Art in D.C.: Using Rock Creek Park as Our Playground

Sandy Alvarez

Published September 2024

Tools for this Unit:

Overview

Children learn through play; they love being outdoors and are curious, creative, individuals. The unit “Art in D.C.: Using Rock Creek Park as Our Playground,” intended for first graders, will leverage children’s curiosity and love for play and the outdoors by exposing students to art through nature. We will learn about American landscape painters, such as Thomas Cole, Frederic Edwin Church, Albert Bierstadt, and Thomas Moran, and how they were inspired by nature.

Students will explore nature just like these artists did two centuries ago–with their eyes opened by art itself. Students will have the opportunity to see how nature influences their own art as they learn to draw the National Park System’s oldest natural urban park, Washington, D.C.’s Rock Creek Park, en plein air. Students will also learn how artists influenced the overall National Park System. To that end, this curriculum unit will review the history of Rock Creek Park and the larger National Park System. Students will answer questions such as “What is a national park?”, “When did Rock Creek Park become a park?” and “How did the work of artists play a role in the development of national parks?” In connection with the history of Rock Creek Park, we’ll discover that national parks in general, and Rock Creek Park in particular, were established because they benefited public health.

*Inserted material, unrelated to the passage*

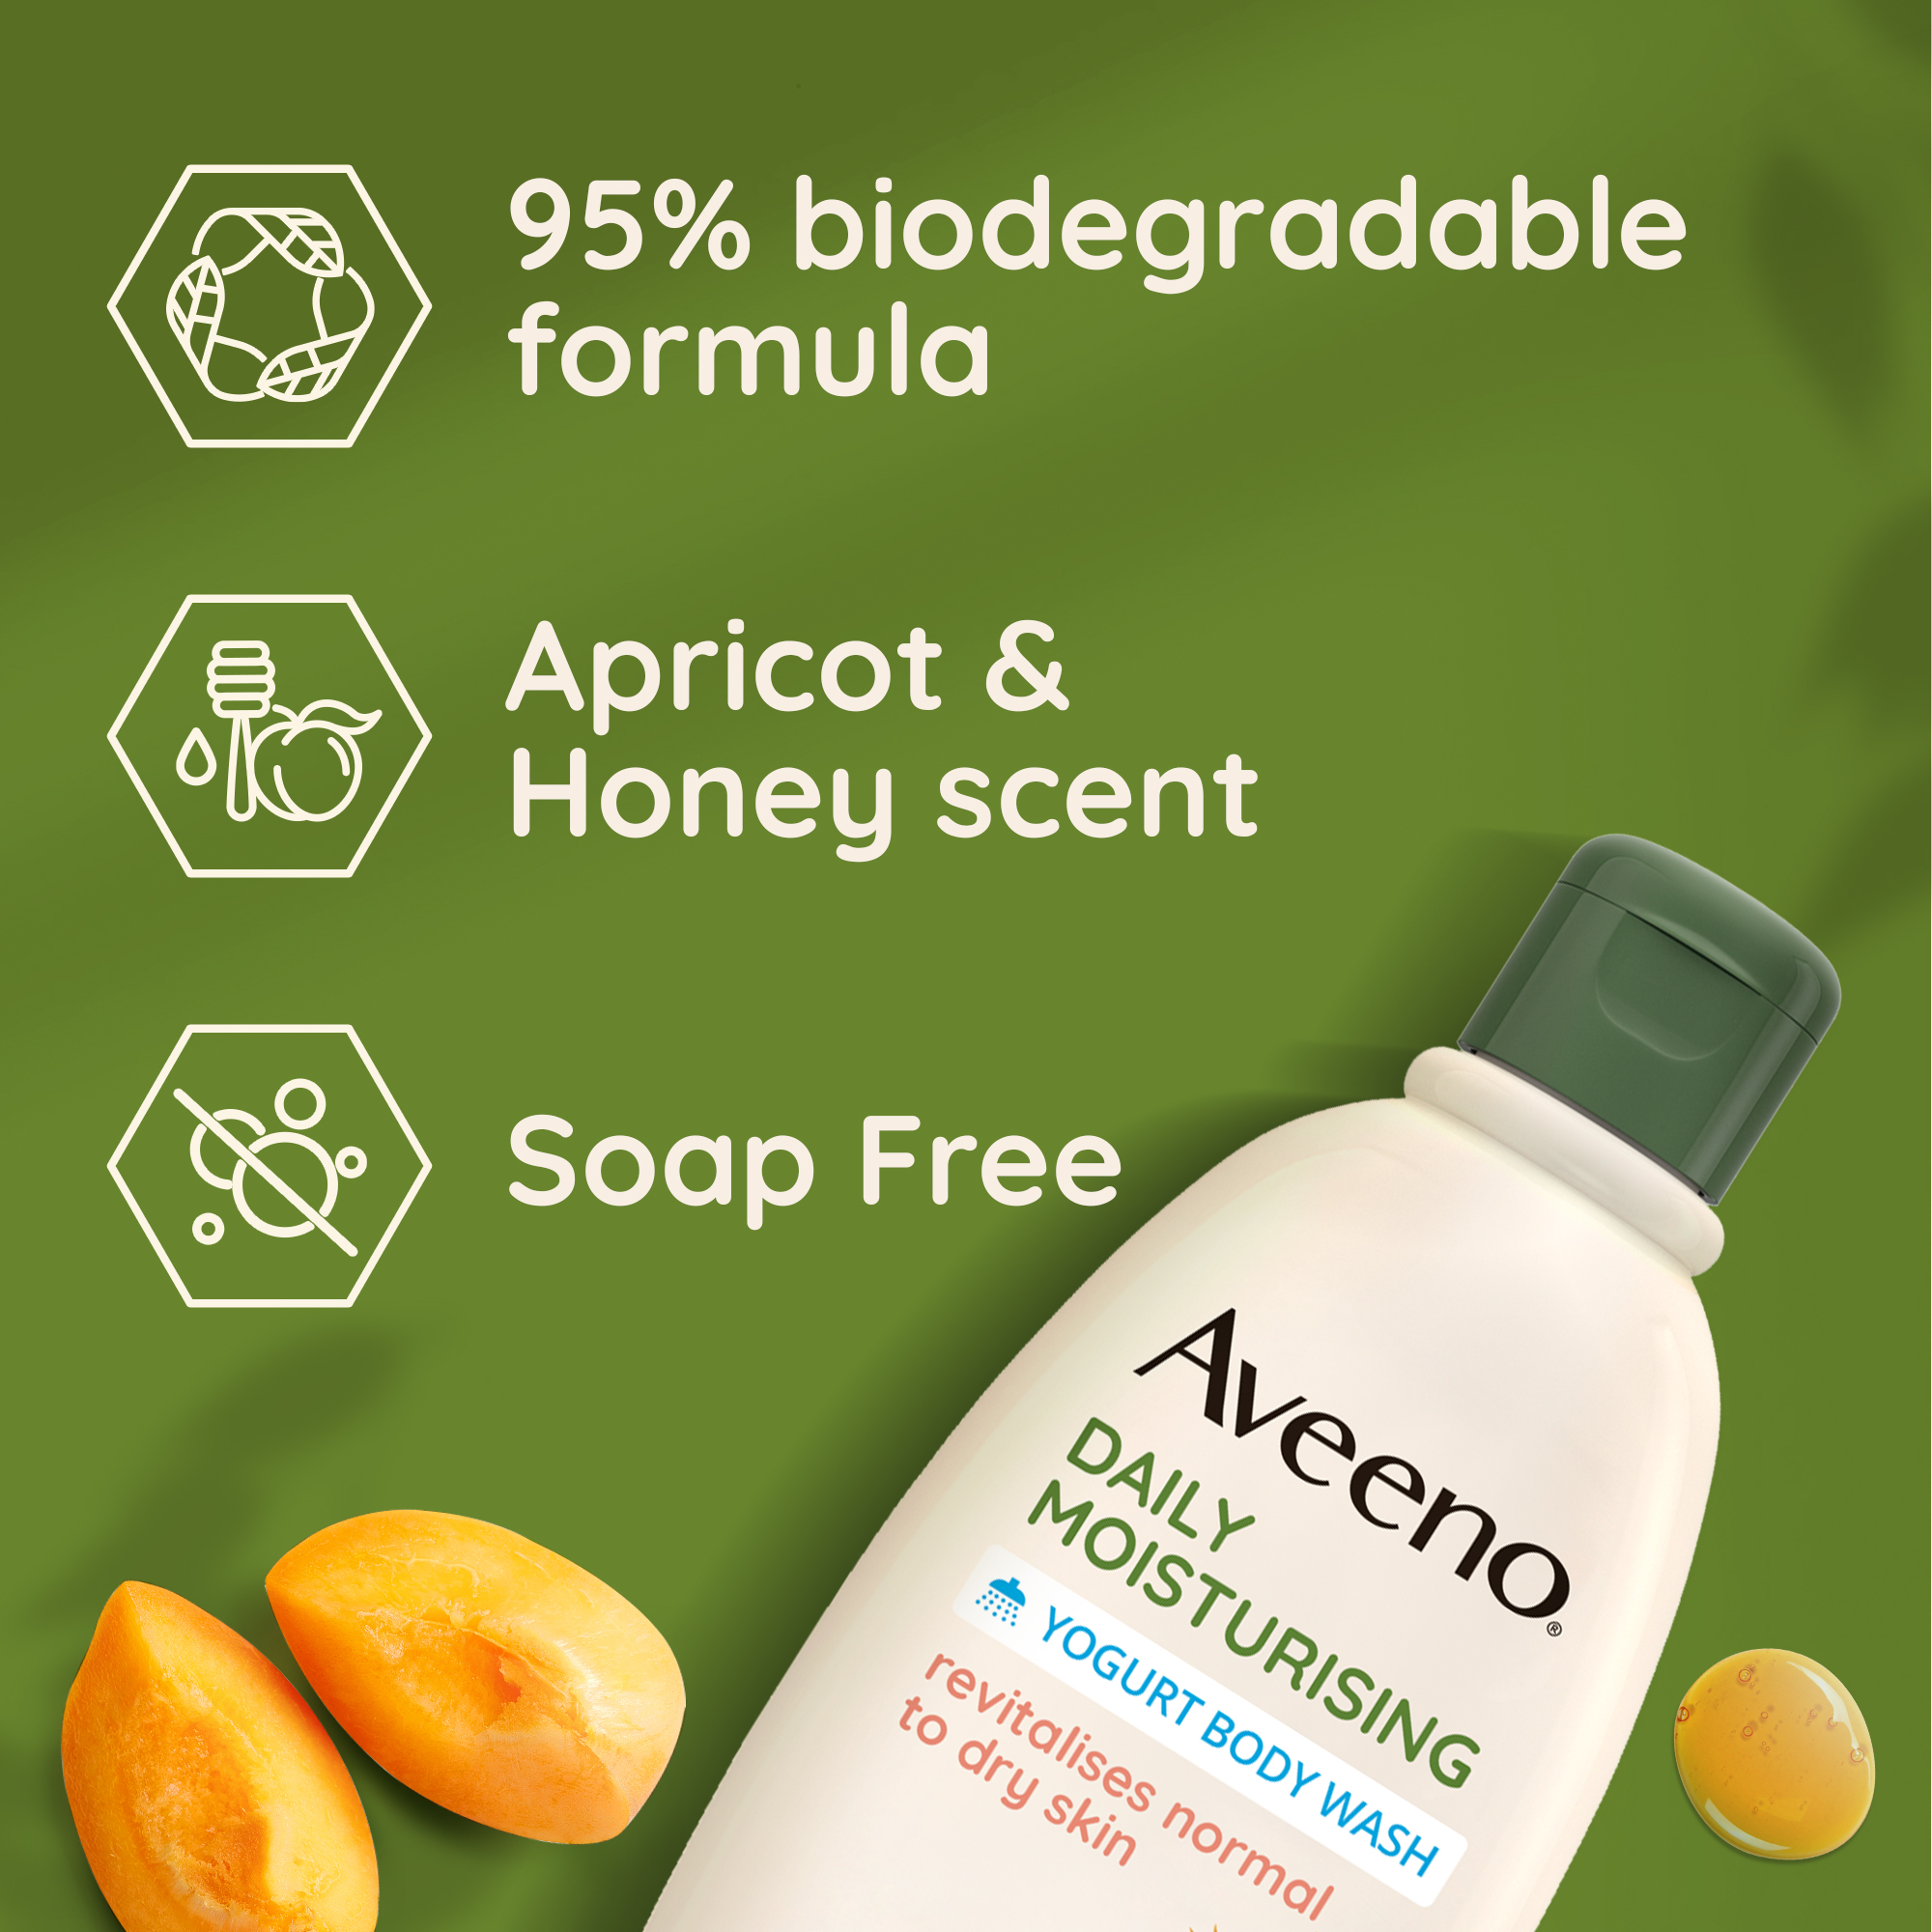 95% biodegradable formula, apricot & honey scent soap free

Additionally, we’ll visit another of Washington D.C.’s great public spaces, the National Gallery of Art, to view paintings by many of the most notable American landscape artists. At the National Gallery of Art, students will explore the parallels between their direct experience of nature in Rock Creek Park and the depiction of natural beauty in landscape art. We’ll partner with Art Around the Corner—an initiative that connects the District of Columbia Public Schools with the National Gallery of Art to help expose children to art—and create works of art inspired by nature with the help of the museum’s educators. Lastly, we will connect all the above to an English Language Arts unit on plants. Specifically, we’ll deepen student knowledge of nature’s flora by combining students’ encounters of American landscape art with their direct experience of plant life in Rock Creek Park. Ultimately, while students will be using art as a vehicle to learn about nature, they will also come full circle and experience nature to learn about and create art.